Task to carry out: Please return all lines in the listing holding the word "rsquo".

Recorded information:

- - - - -

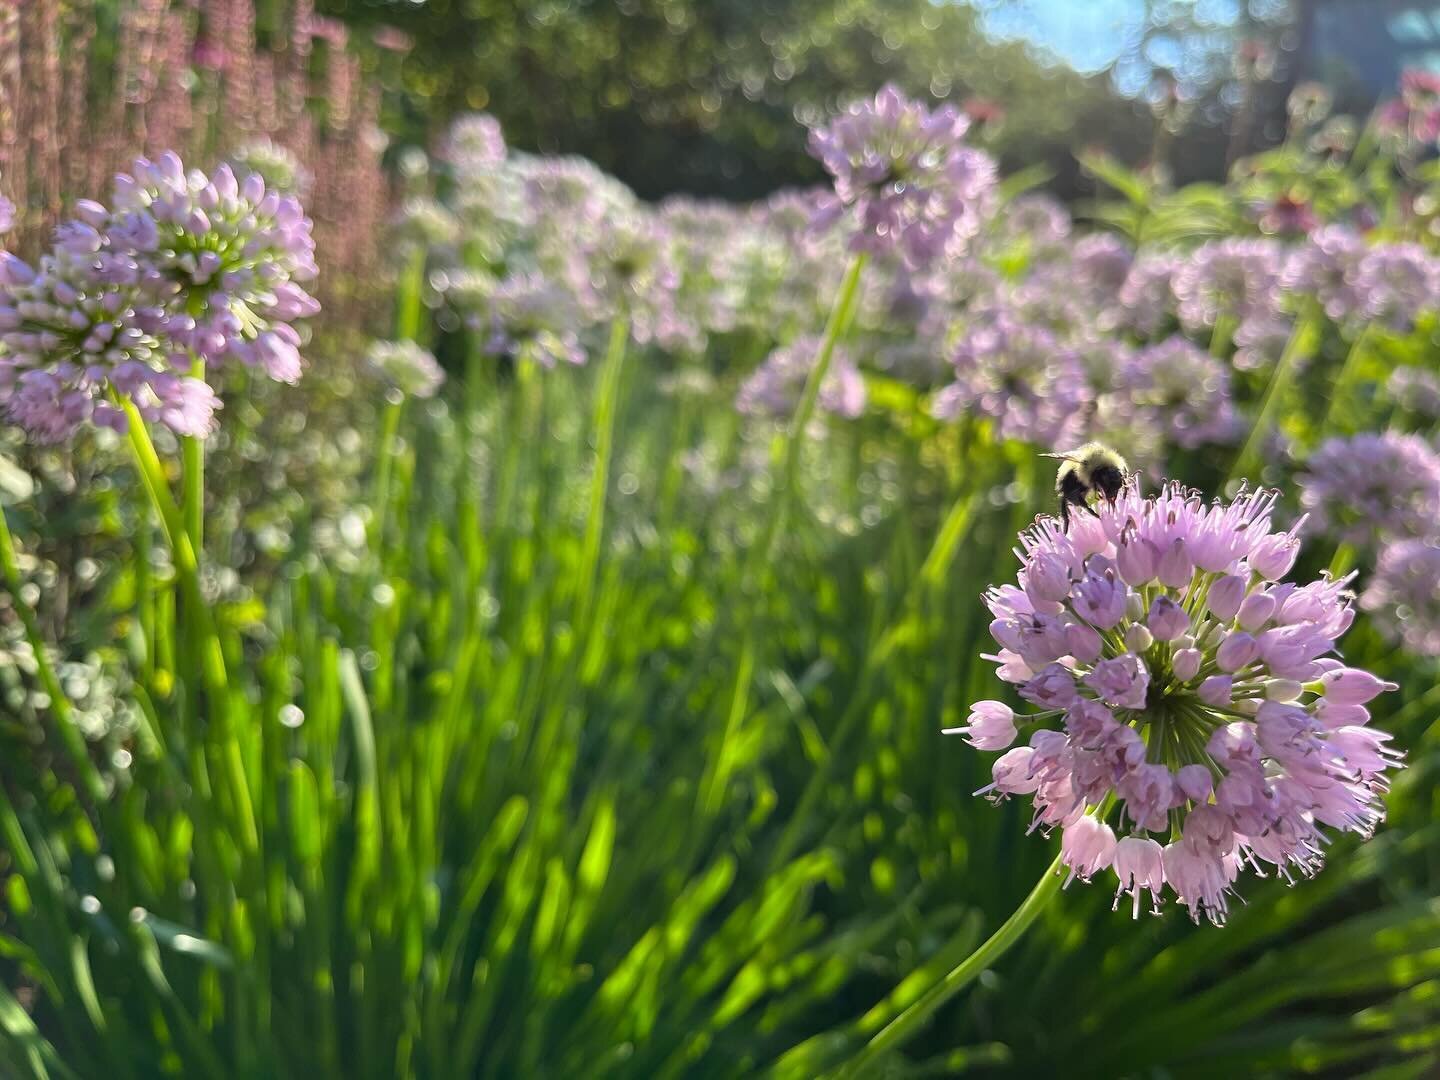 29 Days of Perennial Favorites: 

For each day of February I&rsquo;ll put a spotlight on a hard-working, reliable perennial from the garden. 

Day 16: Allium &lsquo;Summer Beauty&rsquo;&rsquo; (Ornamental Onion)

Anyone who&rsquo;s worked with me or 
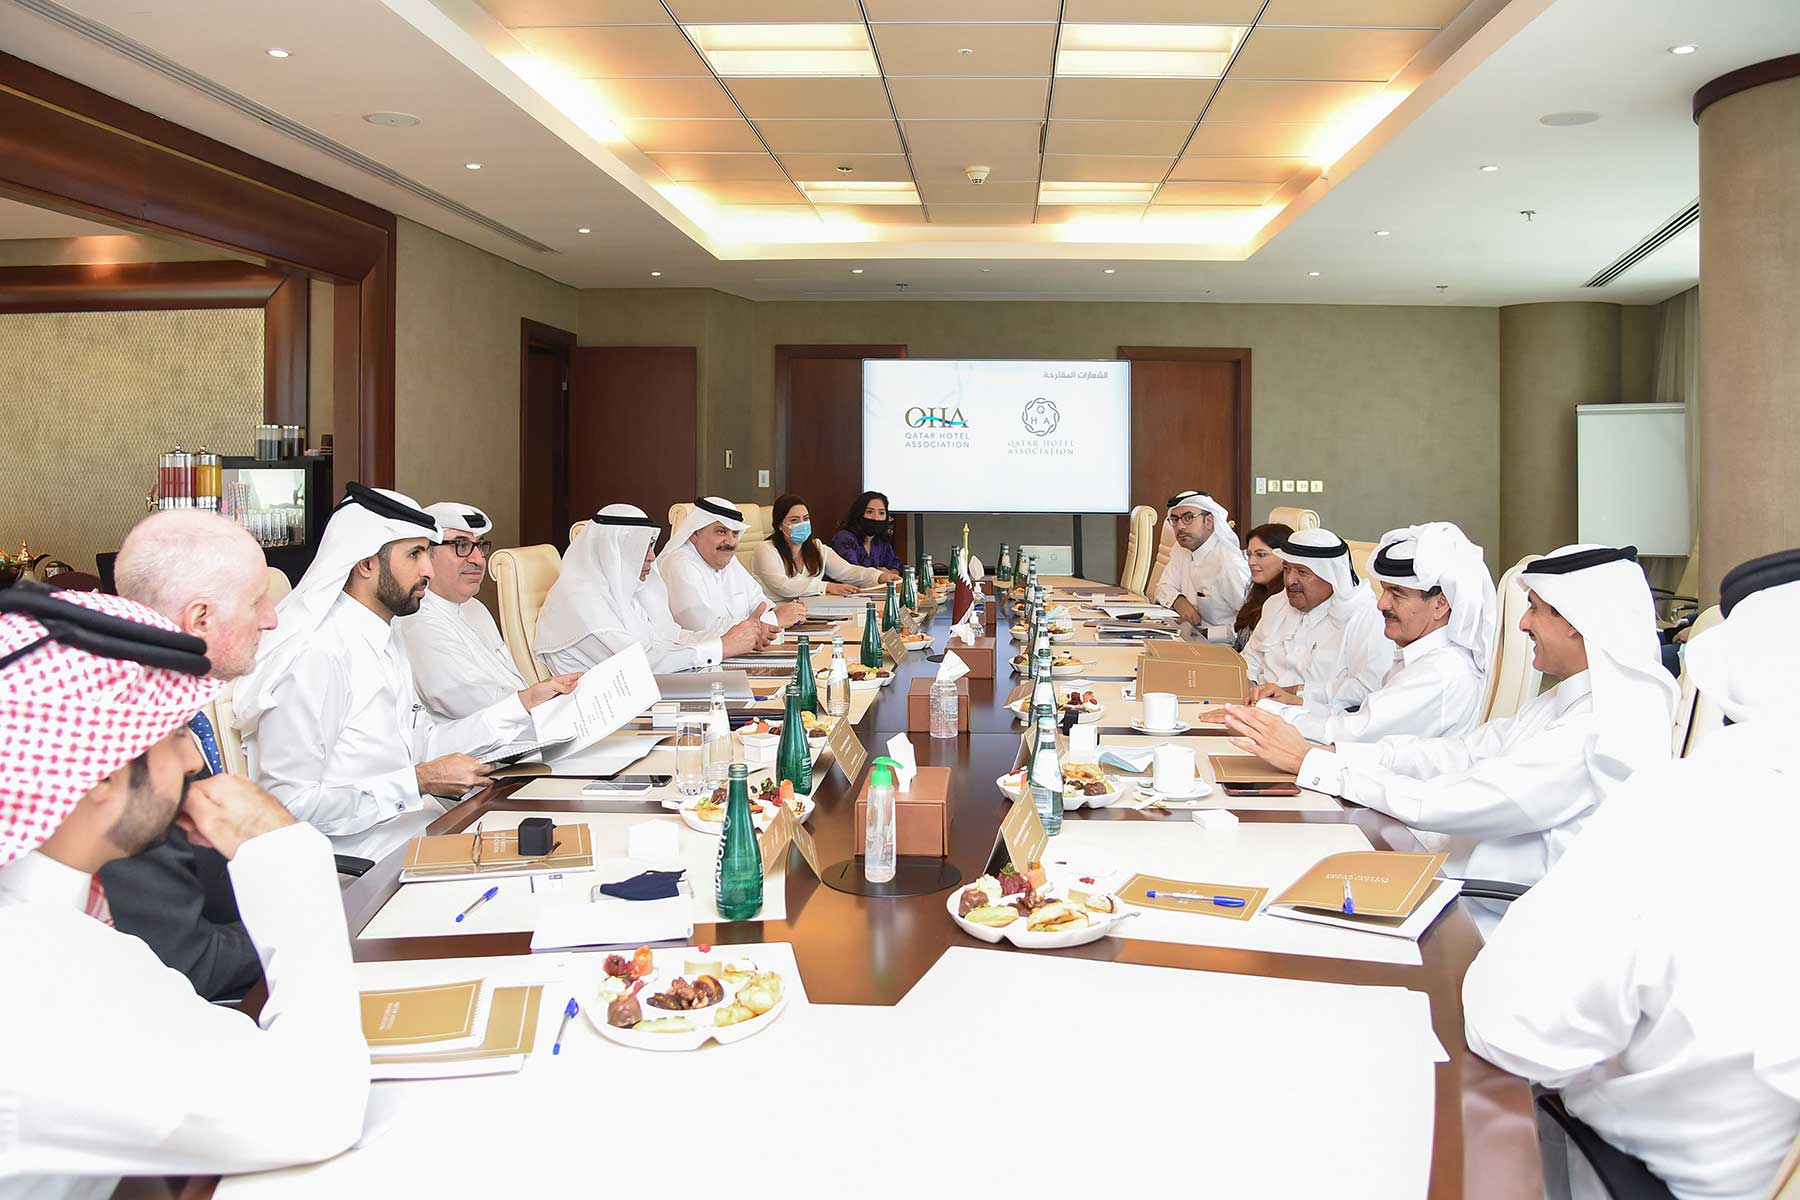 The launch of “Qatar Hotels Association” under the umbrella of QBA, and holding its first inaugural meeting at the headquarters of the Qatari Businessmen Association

- - - - -

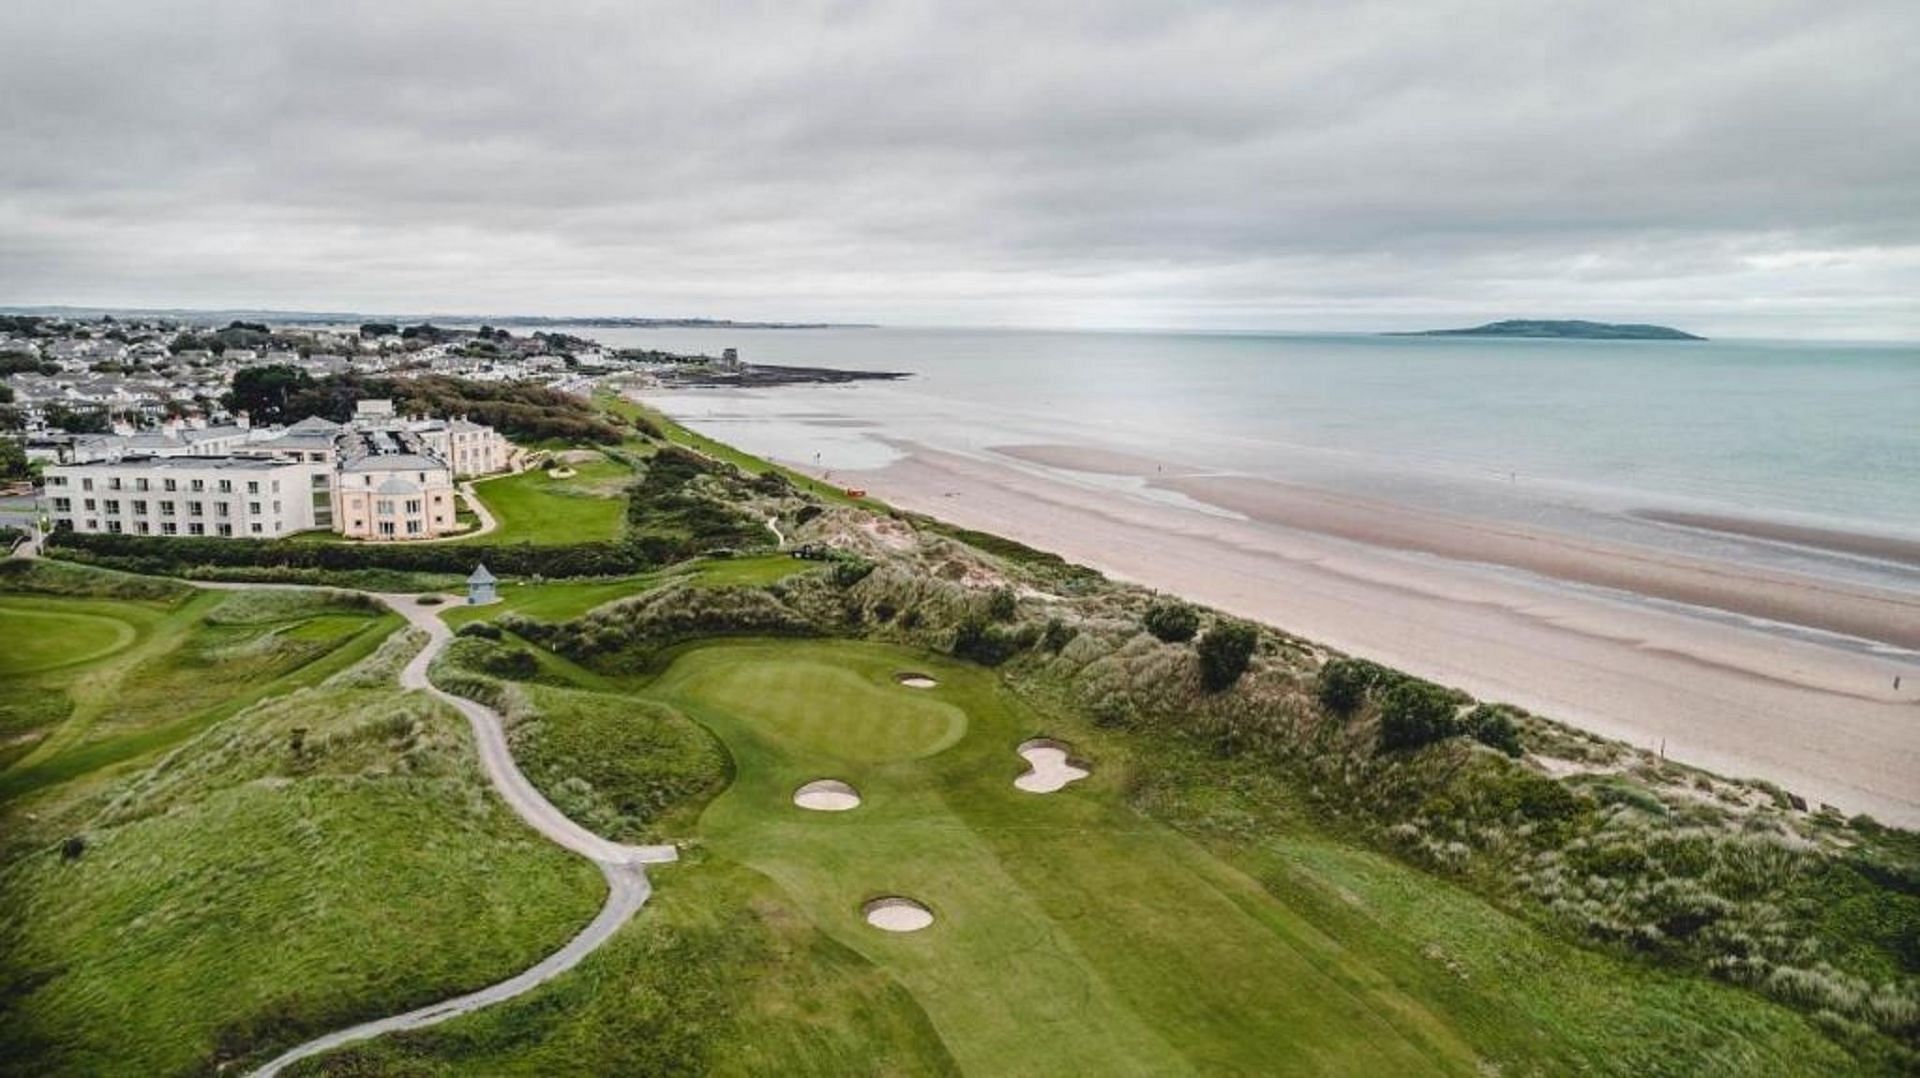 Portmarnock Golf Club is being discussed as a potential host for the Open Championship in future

- - - - -

Solution to this exercise:
For each day of February I&rsquo;ll put a spotlight on a hard-working, reliable perennial from the garden. 
Day 16: Allium &lsquo;Summer Beauty&rsquo;&rsquo; (Ornamental Onion)
Anyone who&rsquo;s worked with me or 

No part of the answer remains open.